Hospital X is a pioneer tertiary hospital that provides a comprehensive range of medical and rehabilitative services for children, adolescents, adults and the elderly.This project plans to make use of the dataset provided by our project sponsor to analyse if there is any relationship between the variables and to create a predictive model for likelihood of a patient in defaulting appointments.


Motivation


Our project sponsor is a medical professional working for Hospital Y. He specialises in tending to younger patients from the age of 18 years old and below. Patients are usually referred to Hospital X by other medical institutions or they booked an appointment directly.
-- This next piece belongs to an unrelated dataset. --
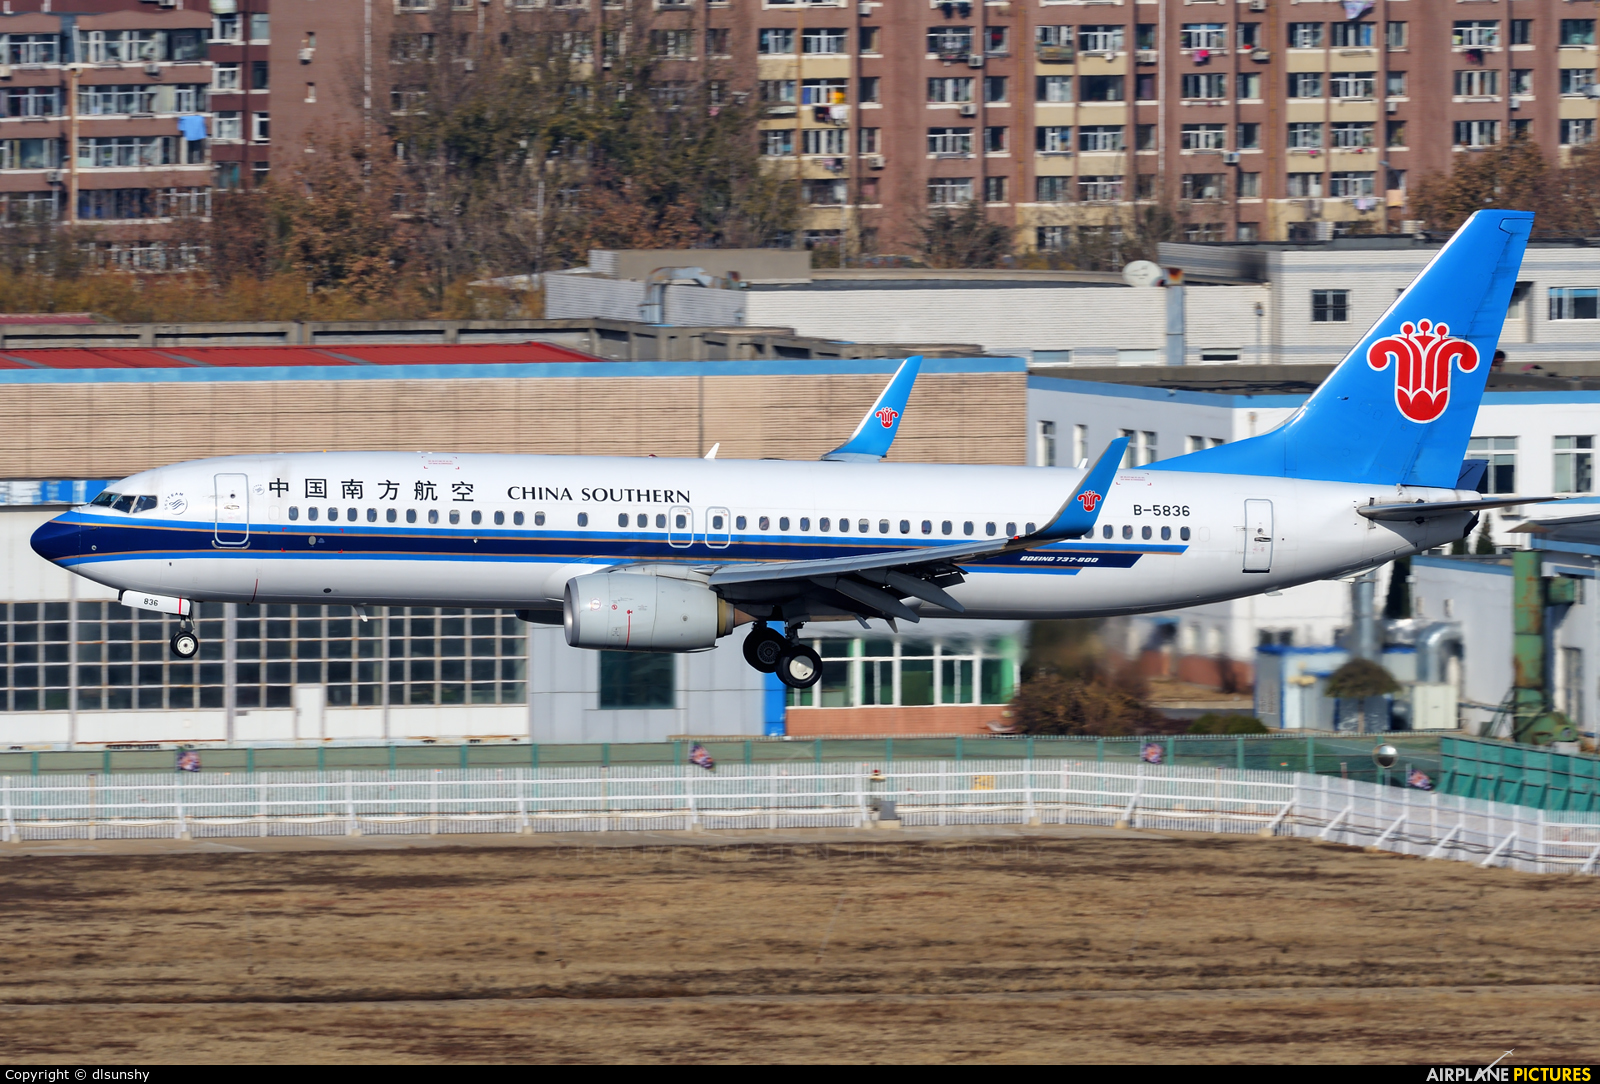 China Southern Airlines B-5836 aircraft at Dalian Zhoushuizi Int'l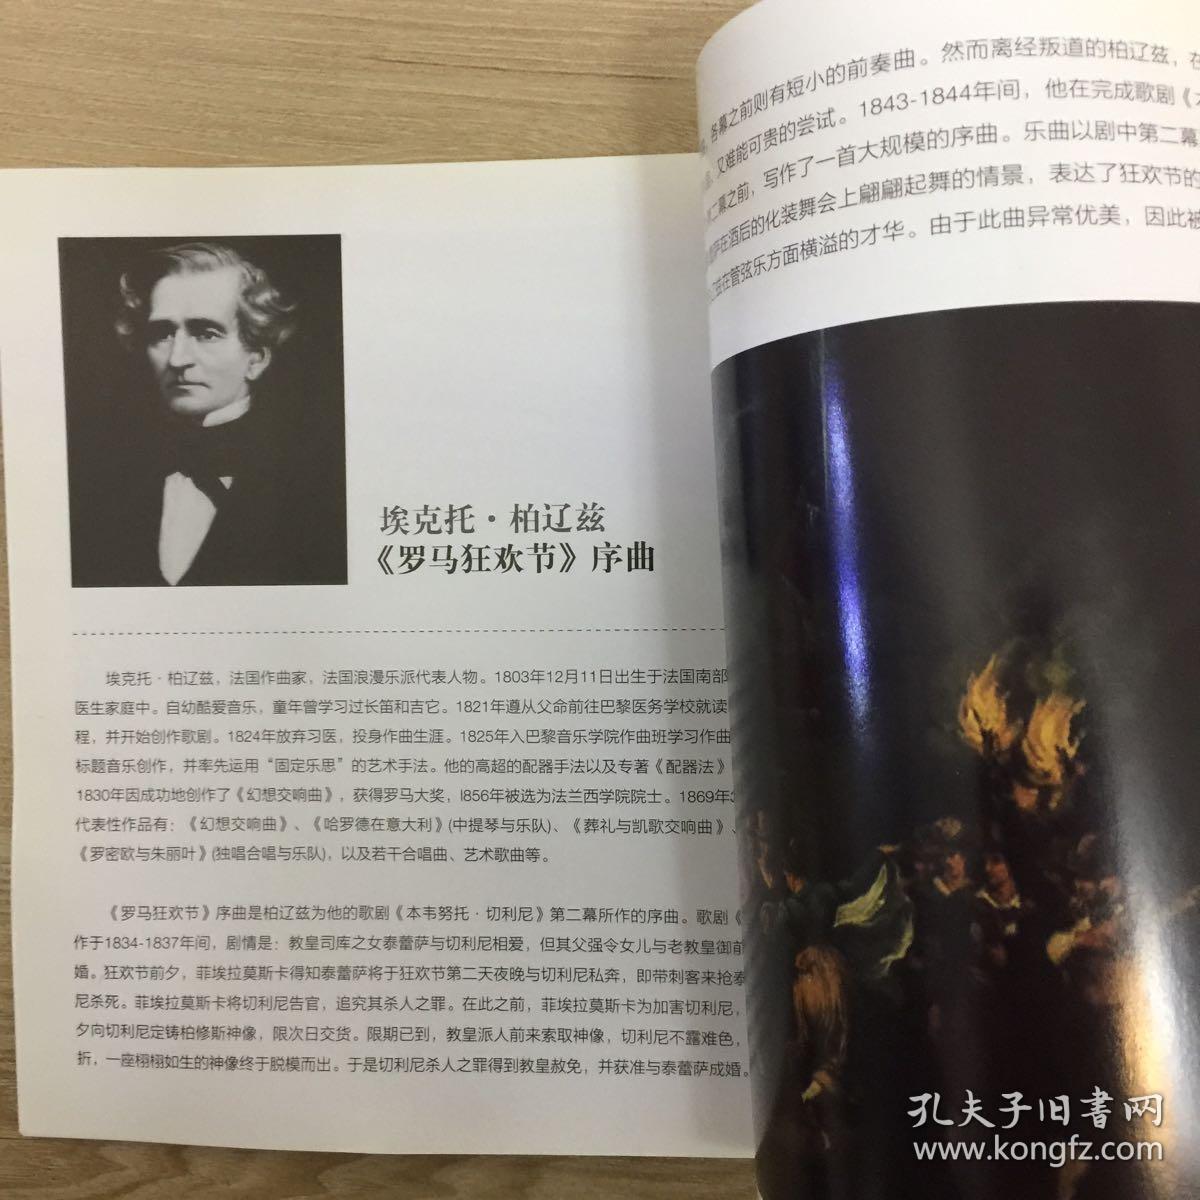 唐代新乐府运动的倡导者和主要代表诗人是_儒家的音乐哲学音乐美学最主要的代表作是什么_杜甫的作品代表着儒家美学

Currently, Hospital X experiences high defaulted or missed appointments rate of about 21% for first visits and 19% for review visits. Defaulted appointments lead to longer appointment lead times, lower operation productivity and overall lower quality of care. Freeing up the time wasted by patients’ no-show would improve utilisation of slots, and even reduce appointment wait time for other patients. By sponsoring this project, our sponsor also hopes to tap into the under-utilised administrative data that is collected by the hospital daily.

Objective & Goals


The main objective of the project would be to develop the following: The objective of the project would be to develop the following:

  1. Analysis of Hospital X's inpatients data
    • To understand the data domains
    • To identify the contributing factors that lead patients to defaulting appointments
    • To analyse any pattern among the patients that defaulted their appointments
    • To evaluate the feasibility of creating a predictive model or a description model
  2. Recommendations based on findings
    • To help stakeholders understand the analysis of the findings
    • To consider the feasibility of a visual aid such as dashboard to aid in the stakeholders' future reference


Provided Data


The data is withheld until the NDA agreement is signed

Methodology


Work in progress

Project Scope


While the project will revolved around the above objectives, our project sponsor is flexible to allow us to explore other possible relevant analytical tools or techniques that would enhance the findings.

  1. The dataset is limited to records from 2015 to 2016, which prevent any seasonal or yearly analysis
  2. The dataset is only pertained to our project sponsor’s department, which tends to younger patients from the age of 18 years old and below.